• About this task: Restate word for word the lines below, from the one containing "Delicious and nutritious" through the final line, with no pictures included.

• Data shown:
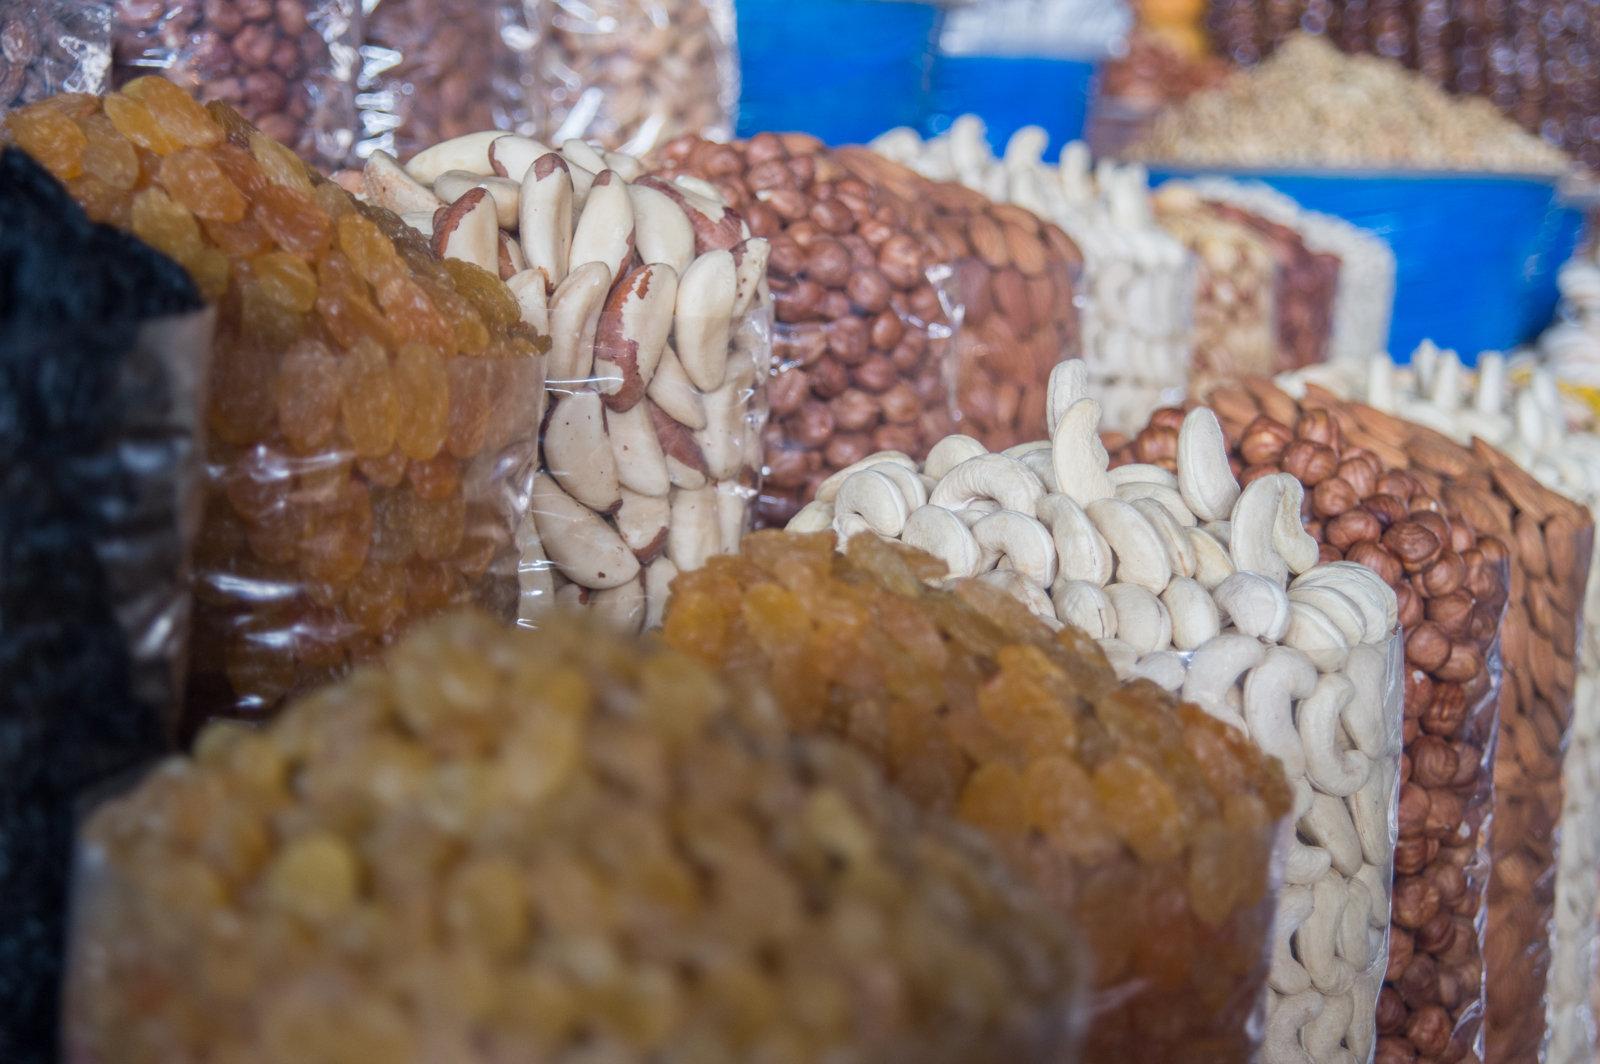 Орешки, фисташки, изюм, индийский орех, греческий орех, фундук
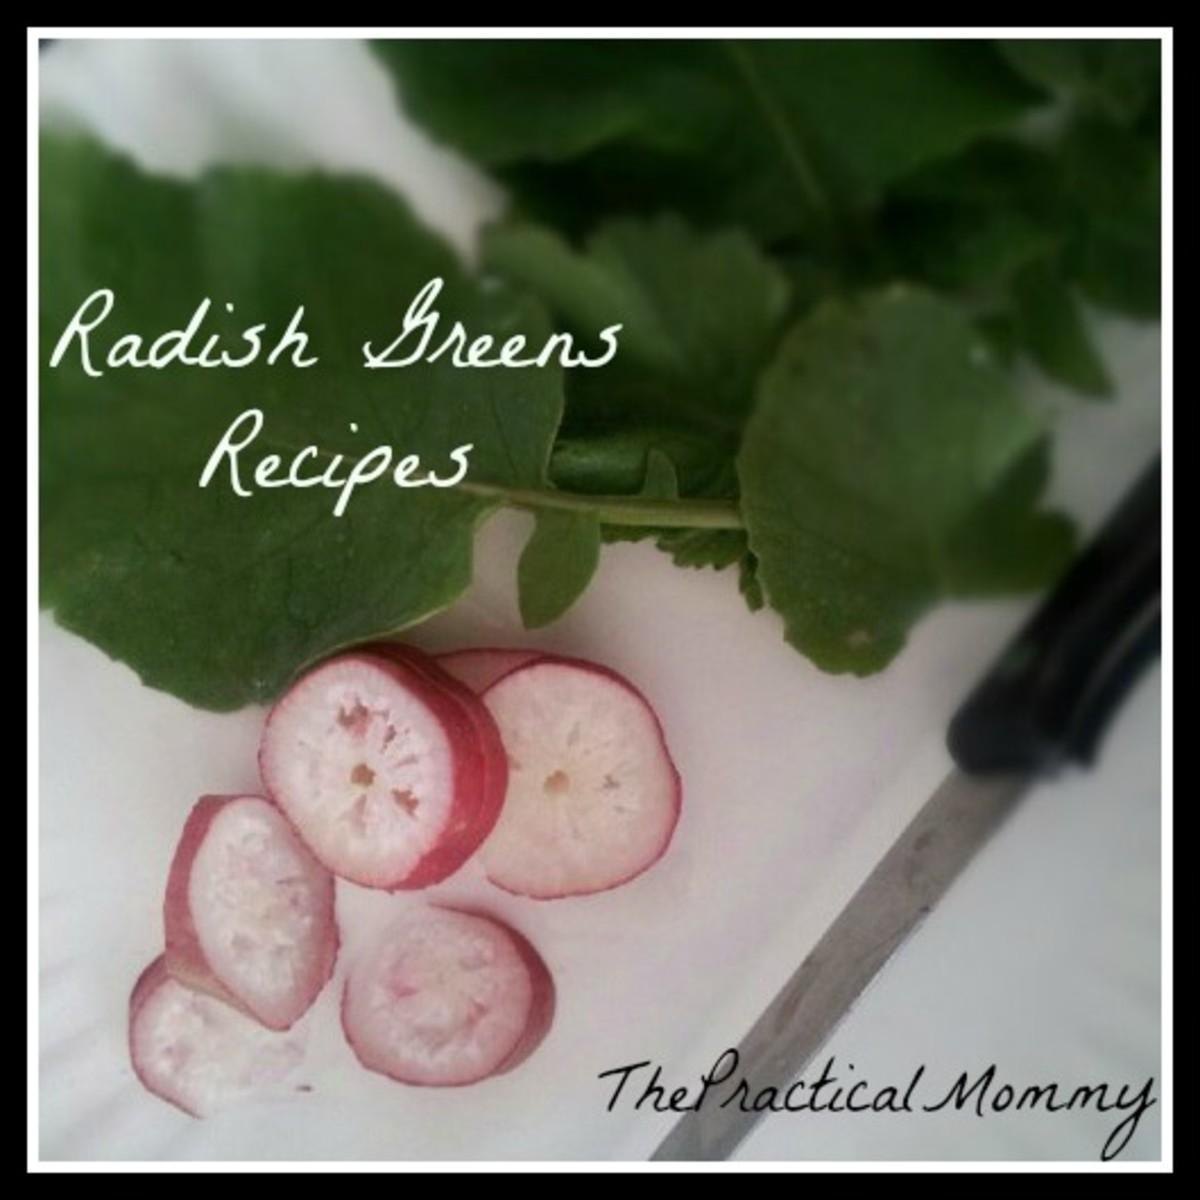 Delicious and nutritious radish greens recipes delishably
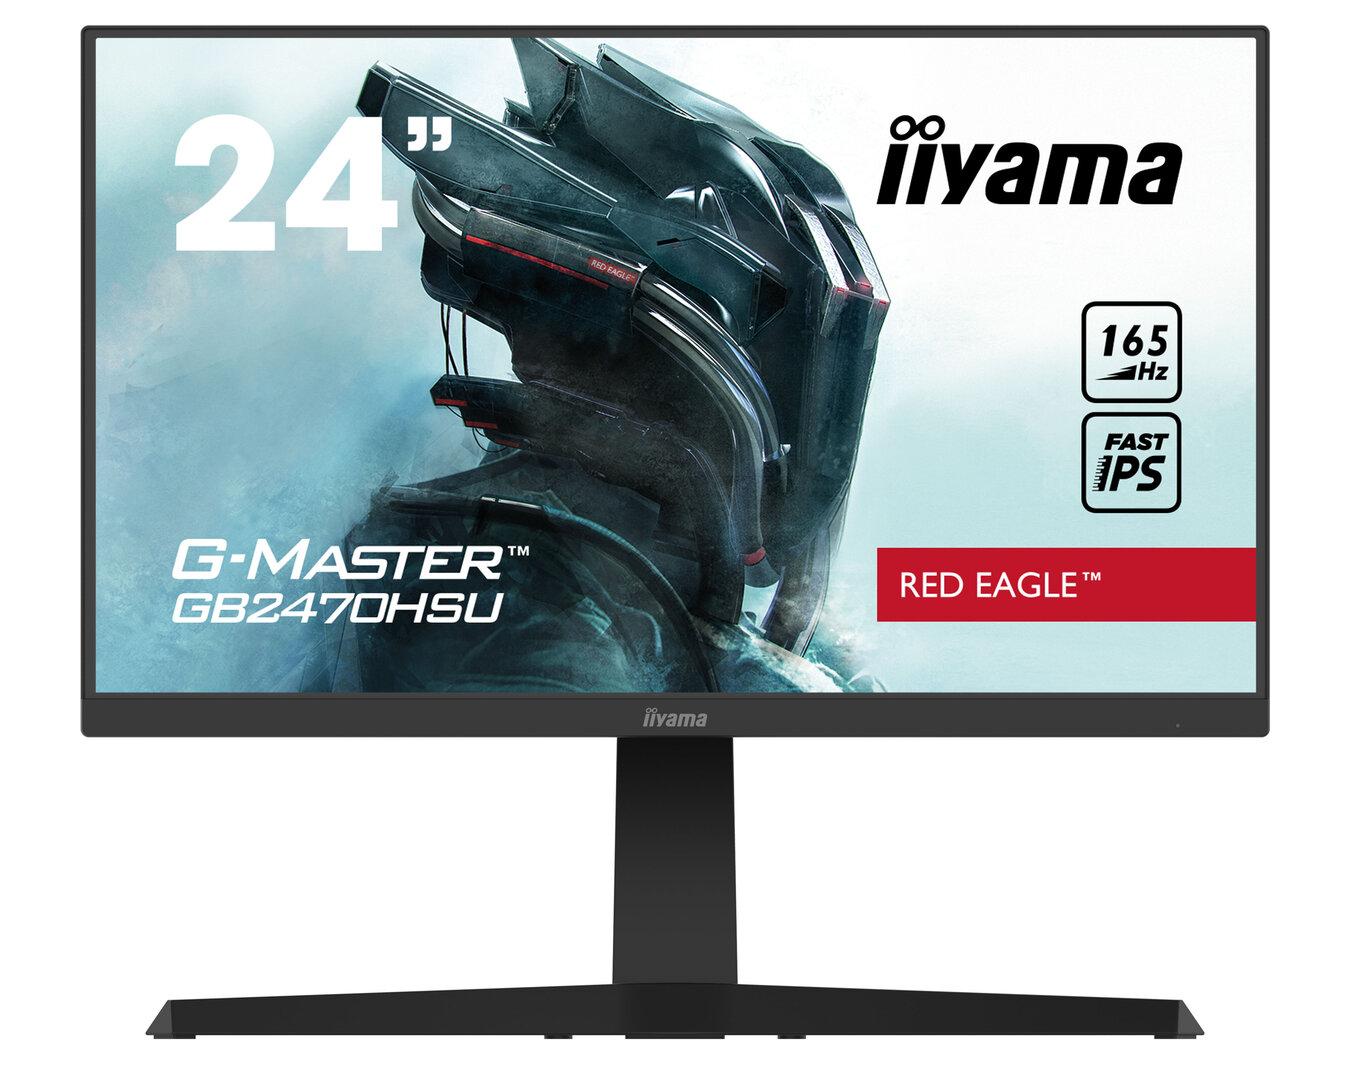 iiyama G-Master GB2470HSU Roter Adler

• Solution:
 Delicious and nutritious radish greens recipes delishably
 iiyama G-Master GB2470HSU Roter Adler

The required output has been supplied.